Friday, May 22, 2009

Welcome to the Departure Lounge by Meg Federico


Meg Federico applies her journalistic flair to chronicle the hilarious and heartbreaking escapades of her 80-year-old mother and step-father. Caring for aging parents is a subject on my mind a lot these days, and Federico made me grateful for the fact that at least my mother hasn’t woken up in a hospital screaming, “I demand an autopsy”. At least not yet!

Monday, May 04, 2009

Geek Love by Katherine Dunn


I like to read along with my students when they are reading their self-selected American novels, so I chose Geek Love, a novel I have picked up and put back down many times in the bookstore. I would describe it as a cross between John Irving and Chuck Palahniuk, heavy on the Palahniuk. I was alternately fascinated and disgusted by this story about a family of circus freaks and their freakish behaviors.

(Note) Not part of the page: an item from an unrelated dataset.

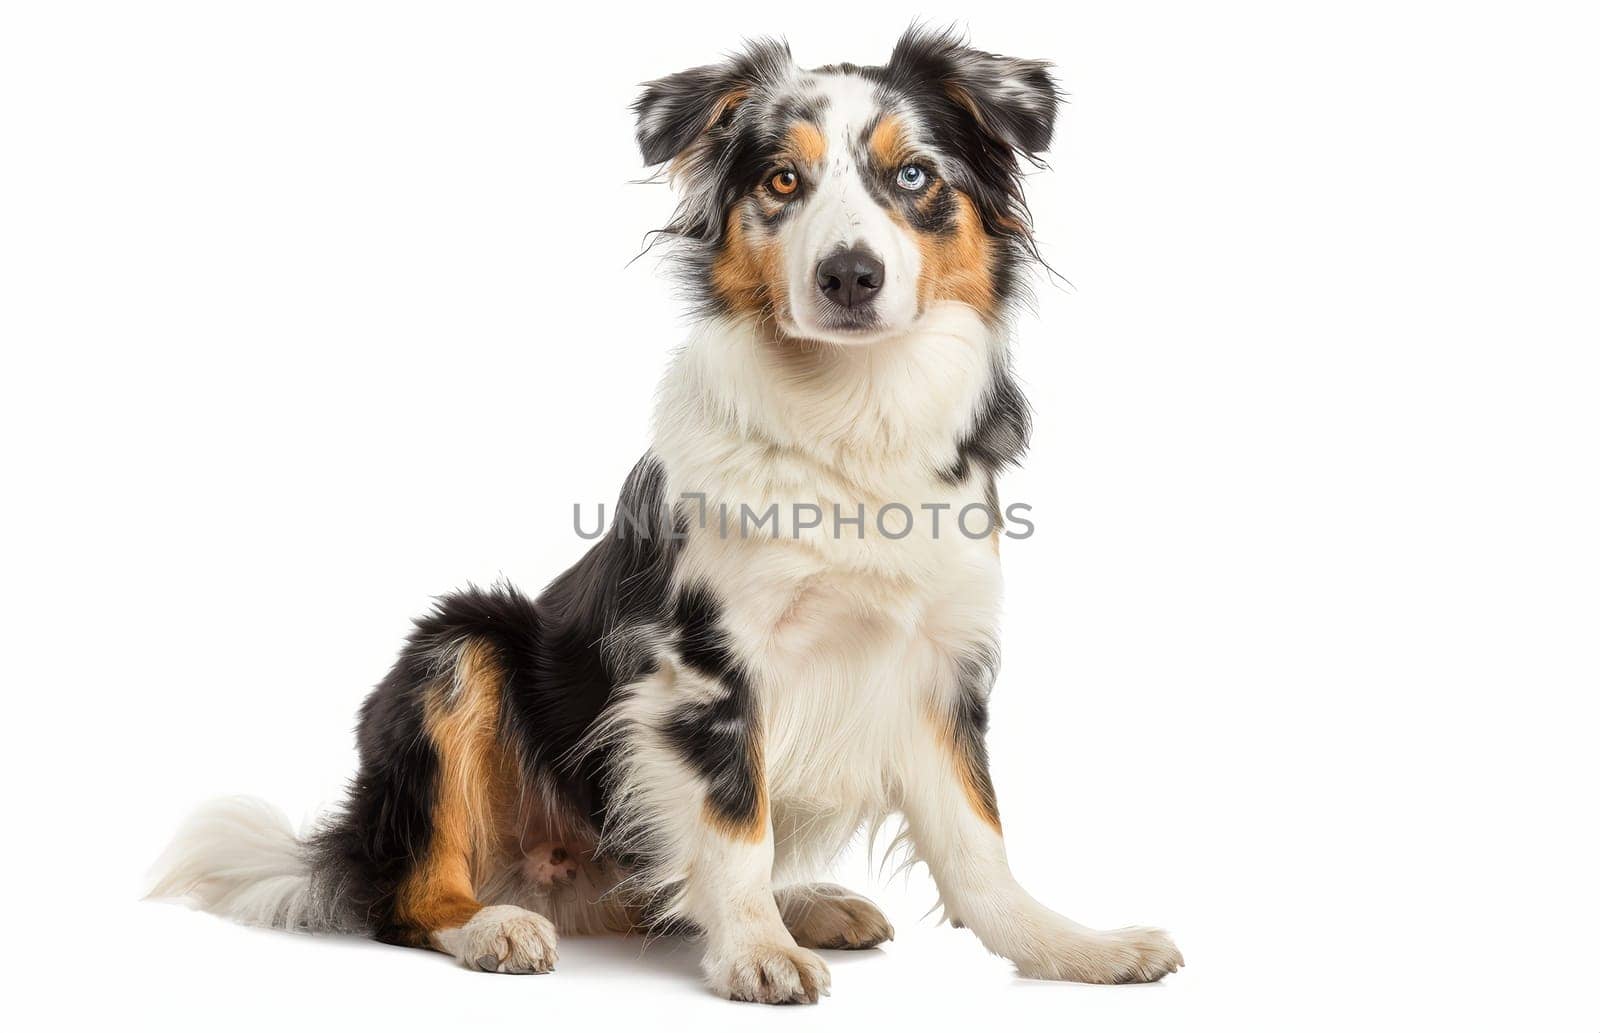 An attentive Australian Shepherd sits up, its tri-colored coat beautifully groomed. The dog's focused expression reflects its responsive and trainable nature. by sfinks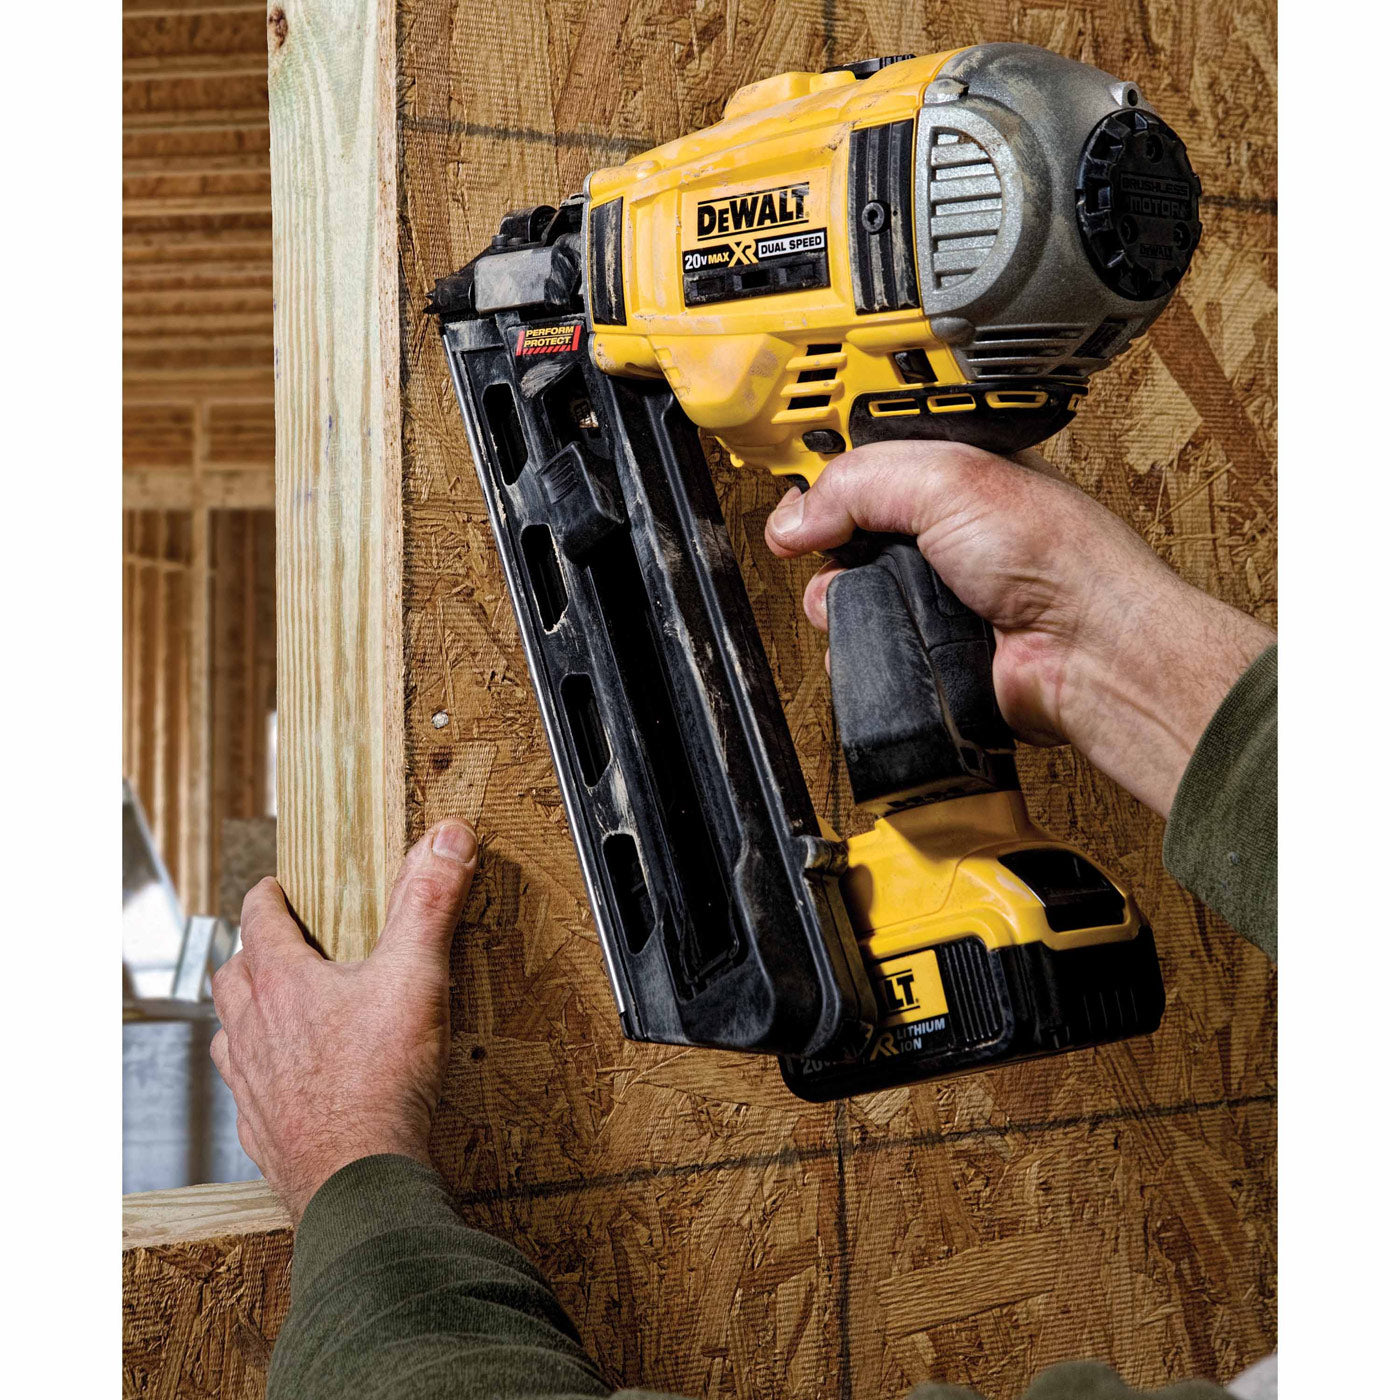 DEWALT 20V MAX XR Lithium-Ion Cordless Brushless 2-Speed 30° Paper Collated  Framing Nailer (Tool Only) DCN692B - The Home Depot

Crystal Lil and Art Binewski breed an assortment of children - Arturo the Aqua Boy who performs from a tank; Siamese twins who play four-handed piano; Oly, the narrator, who is an albino dwarf; and Chick, who they initially try to leave on the side of the road because he is "normal" just as his telekinetic powers are revealed. I've read some pretty weird fiction, but this National Book Award Finalist is way, way out there.

Tuesday, April 14, 2009

A Thousand Days in Venice by Marlena de Blasi


Spring break took us to Delaware to reconnect with family and spend a few days near the ocean. I wanted a true escape from my normal reading, and A Thousand Days in Venice proved to be just perfect. Marlena de Blasi was a food writer visiting in Venice, when a handsome man approached her, told her she was the most beautiful woman he had ever seen and promised to pursue her. Their love story is accompanied by recipes and lovely descriptions of Venice. I was drawn into the beautiful landscapes and am excited to read the continuation in A Thousand Days in Tuscany.

Thursday, April 09, 2009

Going to See the Elephant by Rodes Fishburn


I was given this book by a fellow AP grader I met in Louisville last year who teaches at Emory and Henry College in Virginia where Fishburn went to school. What a pleasant spring break surprise this novel turned out to be. Journalist Slater Brown arrives in San Francisco and takes a job at a failing newspaper, The Morning Trumpet. He quickly realizes that he needs to find great stories in order to keep his job, and through a serendipitous happening, he gains access to the secrets of the city. He meets and falls in love with a beautiful chess champion, wards off the evil politicians and finds a happily-ever-after solution to his personal unrest. I was enchanted by this little fable.

Thursday, March 12, 2009

Still Alice by Lisa Genova


I just finished reading this gem of a novel after months of avoiding it. Since my mother is currently suffering from dementia and speech loss due to strokes, I didn't know whether a book narrated by an early onset Alzheimer's patient would be too close for comfort. Genova draws on her own expertise as a Harvard educated neuroscientist to render an authentic view of the world from inside the mind of one slowly slipping into the darkness of dementia. I did not weep as I supposed I would, but rather appreciated Genova's frank portrait of struggle so many people are dealing with as parents and loved ones live with this disease.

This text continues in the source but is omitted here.